What it seems.
Today my family becomes broken again.
We've had some crazy changes in the family in the last year.
My husband came home from the oilfields last year when the market tanked. He took a huge pay cut and it took a toll on our family.
We kept looking at the future. We're together! After years and years of being apart, we were finally together! What could go wrong?
I always joke that him working away from home kept our marriage together. We had our own rhythm, in our own ways. We drove each other absolutely insane for the first few months. We never fought (like in the old days), but you could tell we were on the edge.
We found a groove and the bills found a home. On my sofa table in my living room. Living got very tight. Functioning as we had before was a near impossibility. The kids had to sacrifice.
That's when we decided something needed to change.
The oilfields became viable again.
And today, well technically in the wee hours of tomorrow morning, he'll be gone again.
It's a real reality check for both of us. The kids will be able to resume their normal carefree lives (and before you lecture me, yes, I think if you can do it, your kids should be carefree!). I'll be able to pay the bills on time, but now we're all sacrificing in a different way.
People will judge what we decide is best for our family, and to those who do: I don't give a fuck what you think.

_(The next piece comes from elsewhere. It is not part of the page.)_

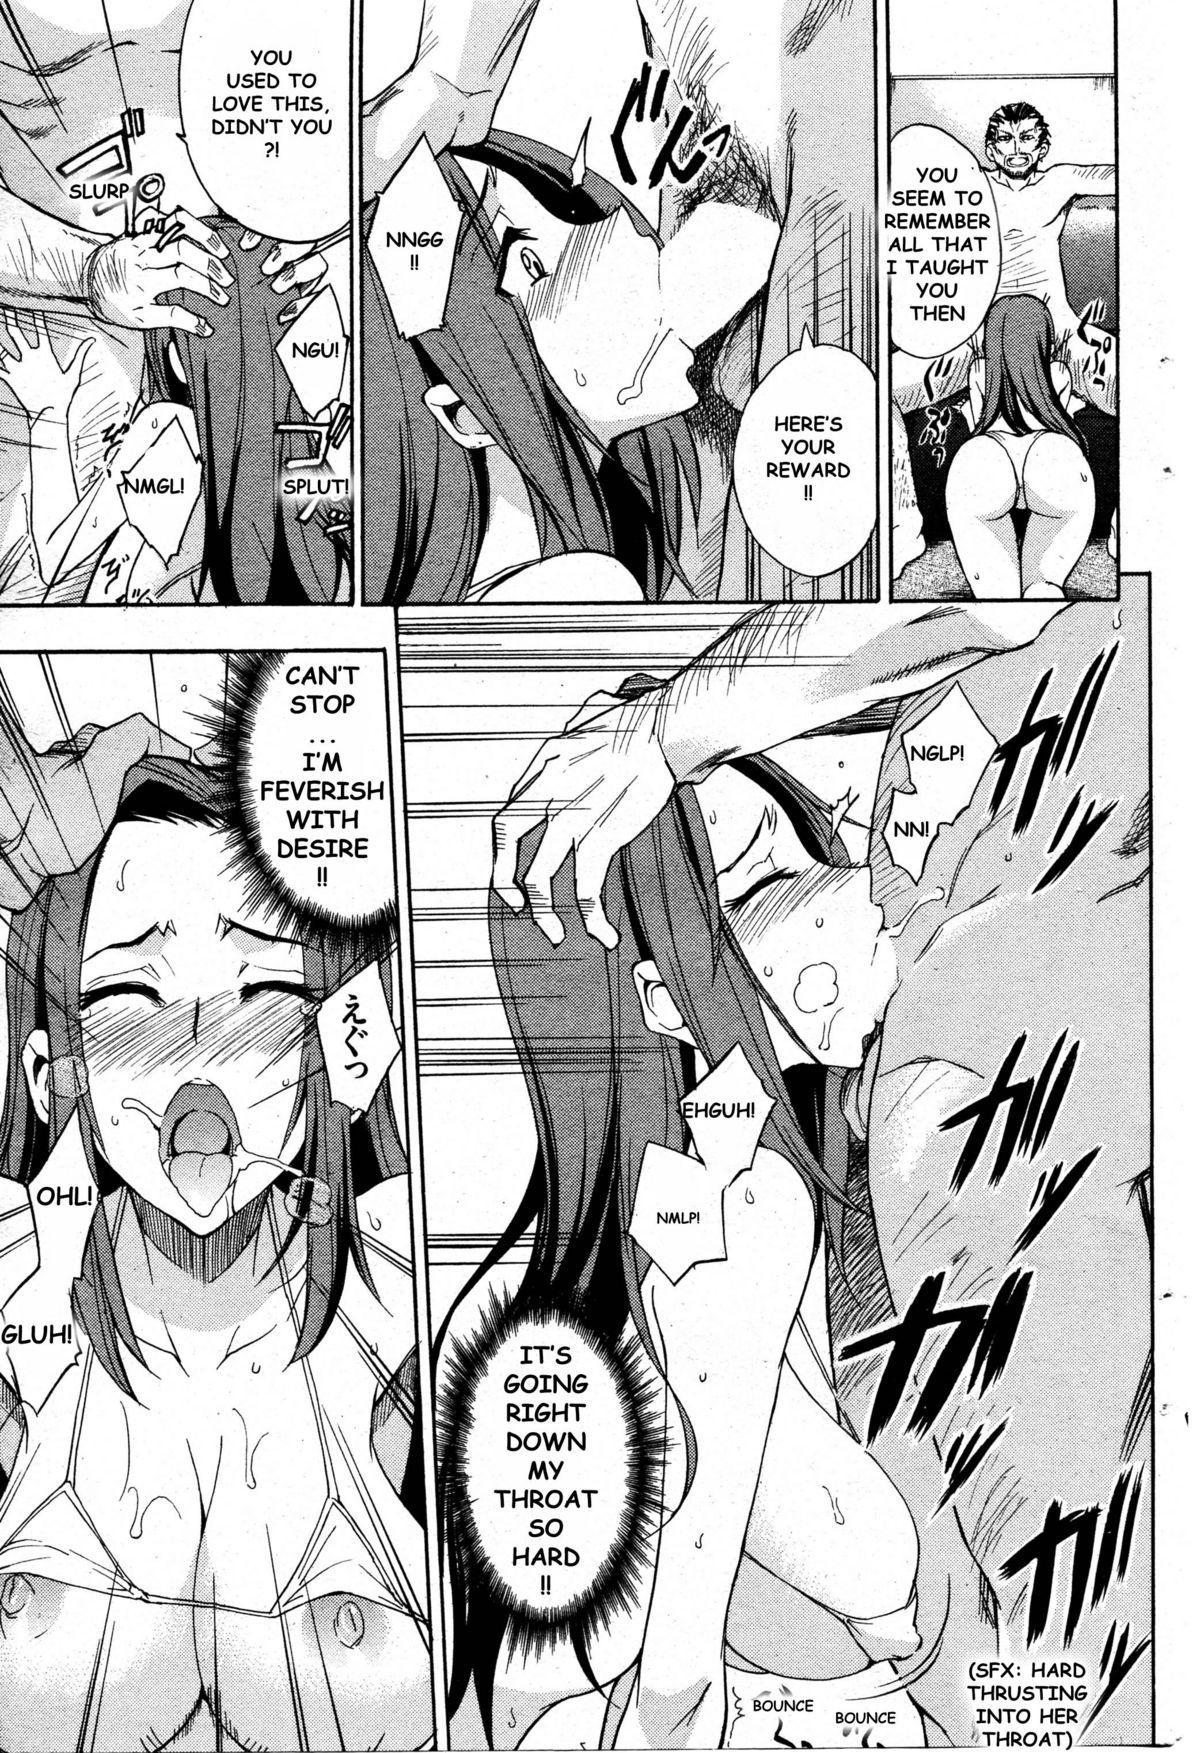 Okusan no Himitsu | A Wife's Secret 8

We've got a plan. I'm sure it's fluid, but we've got a plan. It's going to keep me busy. And the Patriarch to my Matriarch as well.
I hope the kids understand and remember the sacrifices we all made (them included) so they could have the lives that he and I think they deserve.
Parenting is hard. Being married is hard. Life is hard. Don't live in fear of what could be. Take the chances. Live the life. Love your significant other. And parent like a blind man in a china shop.
~Kim
I'm so glad you're writing again. I love reading your blog.